Seasonal Differences in the Stationary Response of a Linearized Primitive Equation Model: Prospects for Long-Range Weather Forecasting?

Abstract
A linear steady-state primitive equation model has been developed for the computation of stationary atmospheric waves that are forced by anomalies in surface conditions. The model has two levels in the vertical. In the zonal direction the variables are represented by Fourier series, while in the meridional direction a grid-point representation is used. The equations governing atmospheric motion are linearized around a zonally symmetric state which depends on latitude and height according to Oort (1980). We have studied the amplitude and phase relations of the model response as a function of latitude for a very simple beating, which is sinusoidal in the zonal direction, with zonal wavenumber m (m=1, 10) and constant in the meridional direction, using February mean conditions.

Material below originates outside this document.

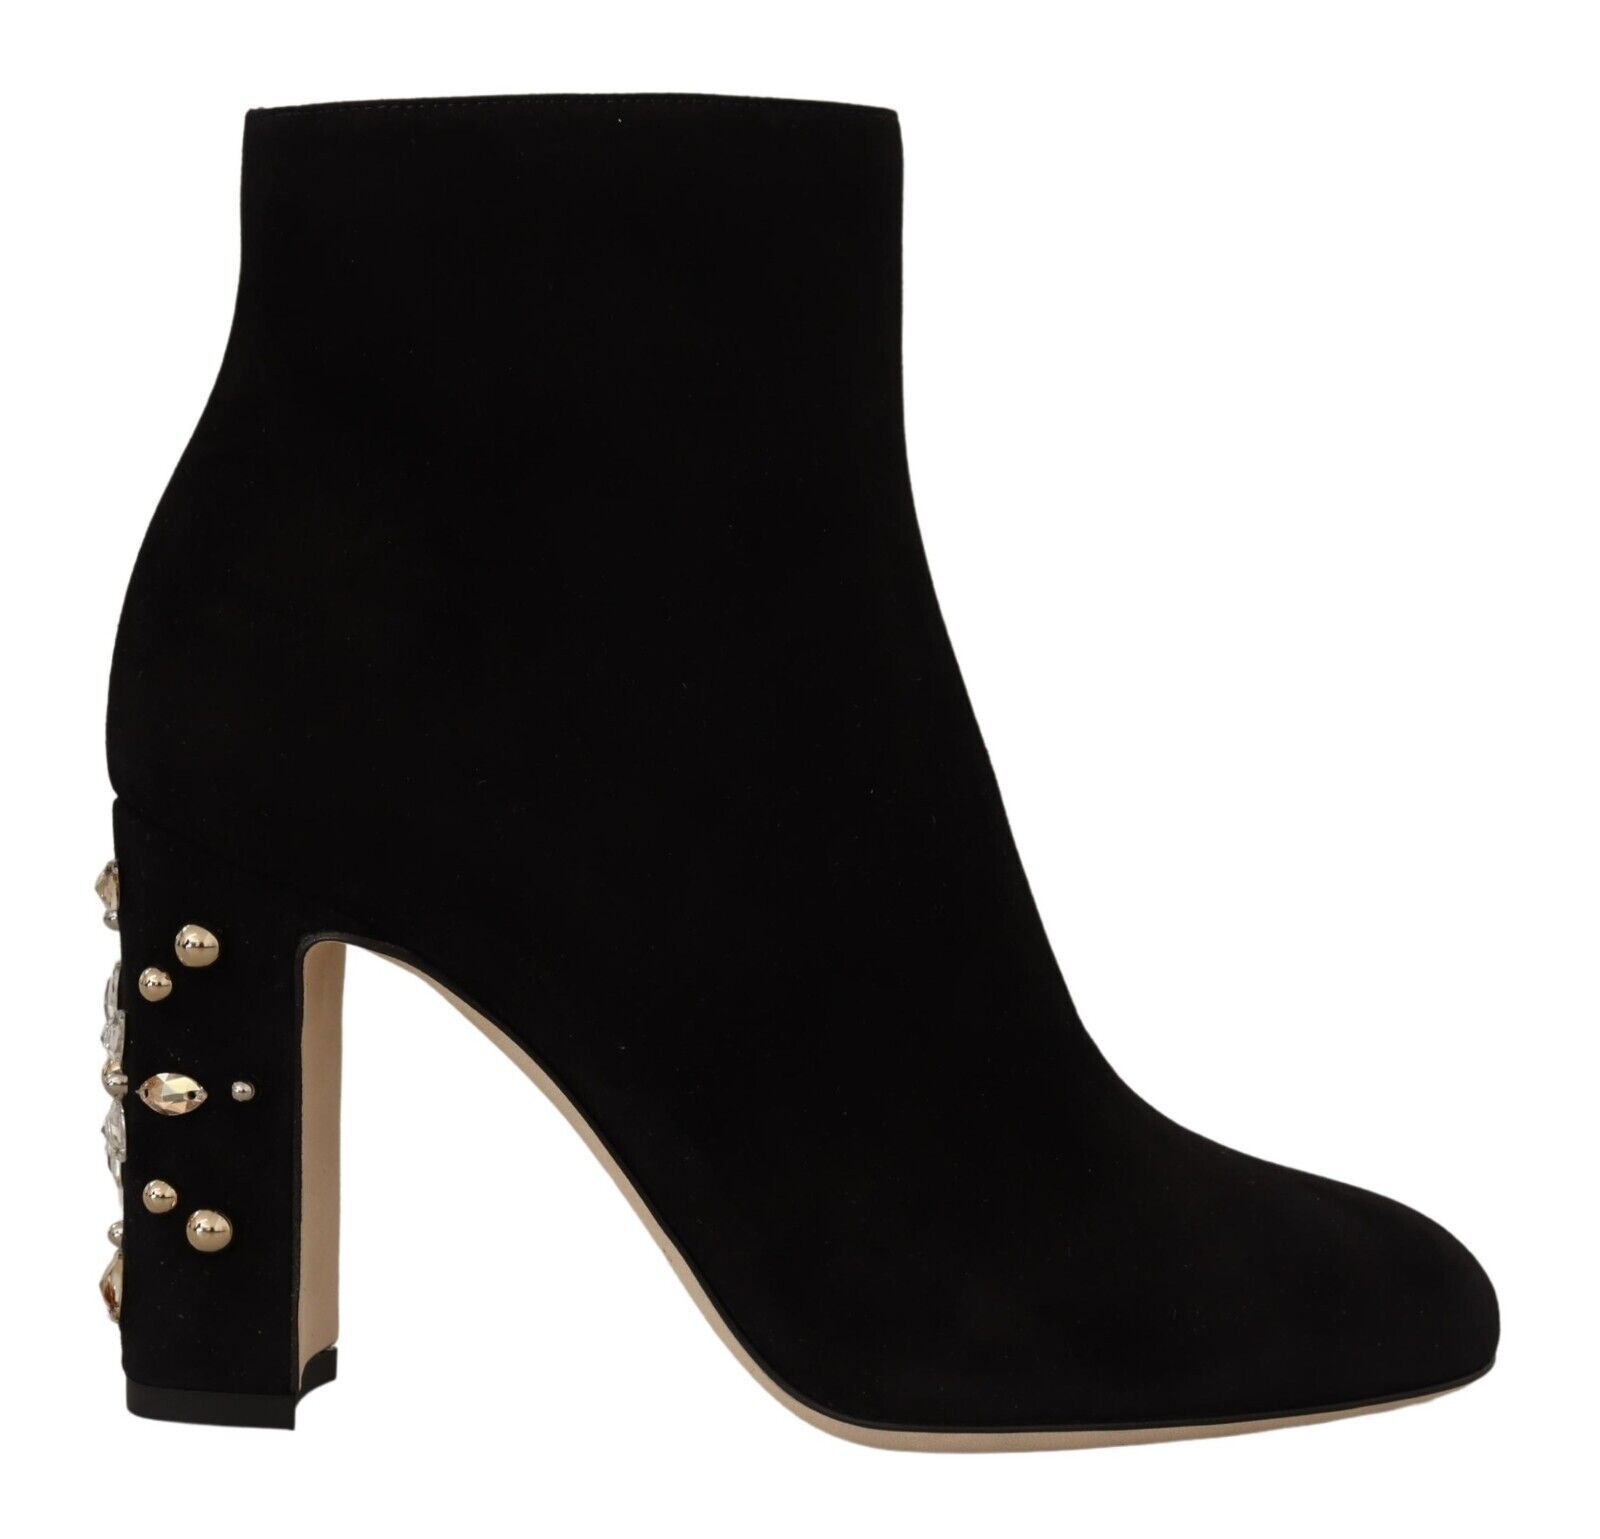 Black Dolce & Gabbana Black Suede Leather Crystal Heels Boots Shoes
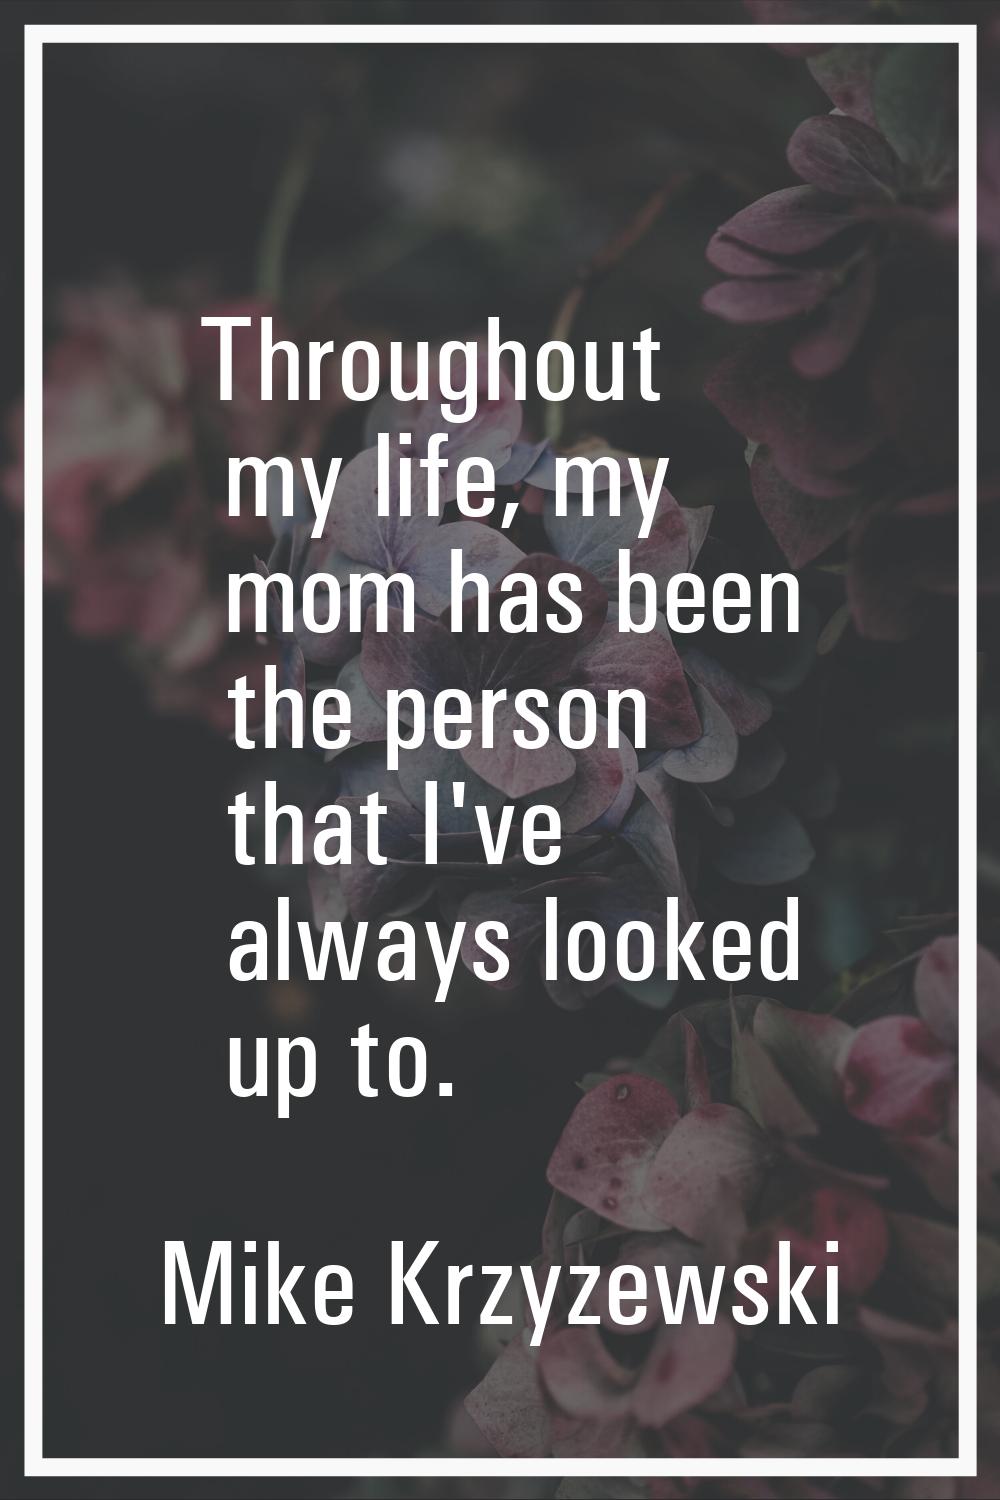 Throughout my life, my mom has been the person that I've always looked up to.

The response of the model indicates that a heating in the tropics can have a substantial influence on the middle and high latitudes, provided that part of the heating is in the westerlies. We have compared the model response for such a heating with the results of similar experiments with GCM and a linear barotropic model and also with mean anomaly patterns at middle and high latitudes derived from observations for Northern Hemispheric winters with a warm equatorial Pacific. In all cases we find strong similarities of hemispheric wave patterns. We plan to test the model for the prediction of that part of the anomalies in the monthly or seasonal mean circulation that comes from persistent abnormal surface conditions In order to predict more than a persistent atmospheric response, such an anomaly in the surface conditions must have different effects in different months or seasons. We have tested the hypothesis that due to a changing zonally symmetric state, the response to a prescribed beating will be different in the four seasons. This effect is computed for a heating in the tropics and in the middle latitudes. Both in amplitude and phase the response to exactly the same heating can change significantly from one season to the next.